The Bank had predicted in January that the world would register GDP growth of 3.2 per cent this year but last week it revised that estimate down to 2.8 per cent.

In its biannual report, it said the revision had occurred after economic growth “got off to a bumpy start this year, buffeted by poor weather in the United States, financial market turbulence and the conflict in the Ukraine”.

The latest estimate on US growth from the US Bureau of Economic Analysis suggests its economy, the largest in the world, contracted by 1 per cent in the first three months of 2014, its first quarterly contraction since the first quarter of 2011.

If the World Bank’s prediction is correct it means six out of the past seven years will have seen global growth of less than 3 per cent, with the post-crisis bounce in 2010 an outlier.

However, the World Bank maintained its optimistic outlook for future growth, expecting the world economy to expand by 3.4 per cent in 2015 and 3.5 per cent in 2016.

And the revised growth of 2.8 per cent in 2014 will still be a larger expansion than the 2.4 per cent seen in 2013.

The World Bank said the main driver behind the pick-up in growth this year would be the ‘high-income’ countries, such as the US, Japan and the UK.

The report said: “A reduced drag on growth from fiscal consolidation, improving labour market conditions and a steady release of pent-up demand in these countries are projected to overcome first-quarter softness.”
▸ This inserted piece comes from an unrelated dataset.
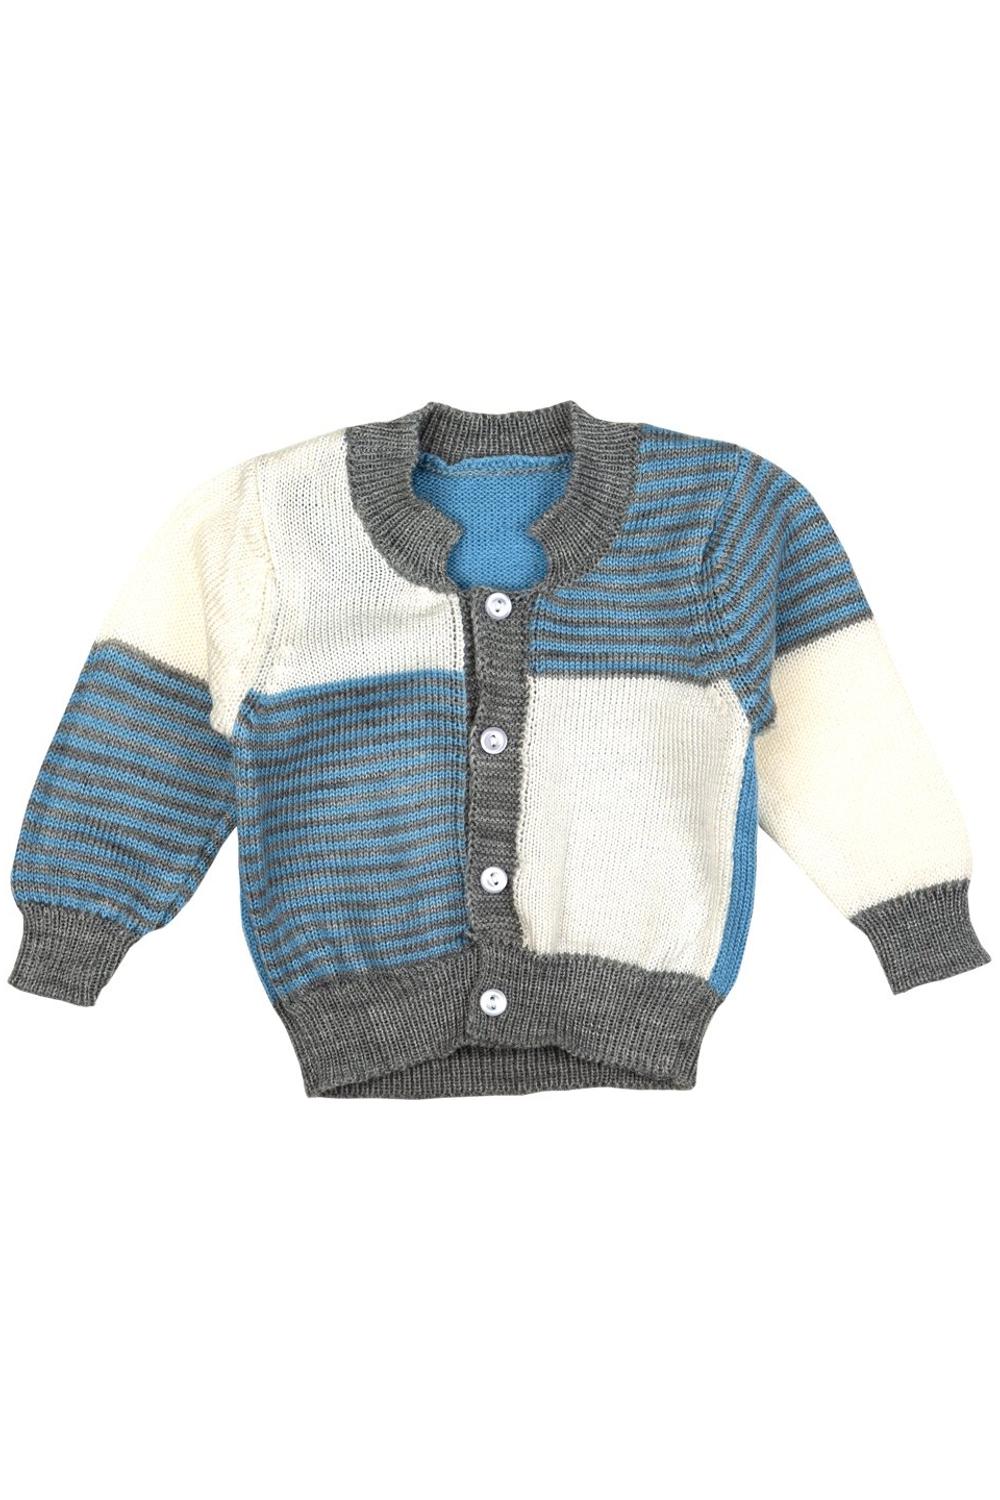 Mee Mee Unisex Full sleeve Sweater Set- Blue

The World Bank said the data coming from the US since the first quarter indicated that the economy would rebound strongly in the second quarter after the weather-impacted blip at the start of the year.

It predicted the US would still manage to grow by 2.1 per cent in 2014, in spite of the contraction.

Growth in developing countries is expected to remain significantly higher than high-income nations, but the rate of growth is predicted to remain flat, coming in at 4.8 per cent for the third year in a row.

The World Bank said the near-term risks to economic growth in both the high-income and developing countries have significantly reduced.

But it pointed to several medium-term risks in high-income countries, including “fiscal sustainability challenges, an orderly exit from unconventional monetary policy, deflation risks and the need for structural reforms to boost productivity growth”.

The World Bank also emphasised the need for developing economies to take advantage of the current “easy global financial conditions” to put their domestic economies in order before fiscal tightening in the high-income countries puts pressure on developing countries as well.

The report stressed the necessity for many developing economies to tighten policy because “fiscal balances have deteriorated substantially since 2007 and, despite solid growth, debt levels have increased by 10 or more per cent in more than half of developing countries”.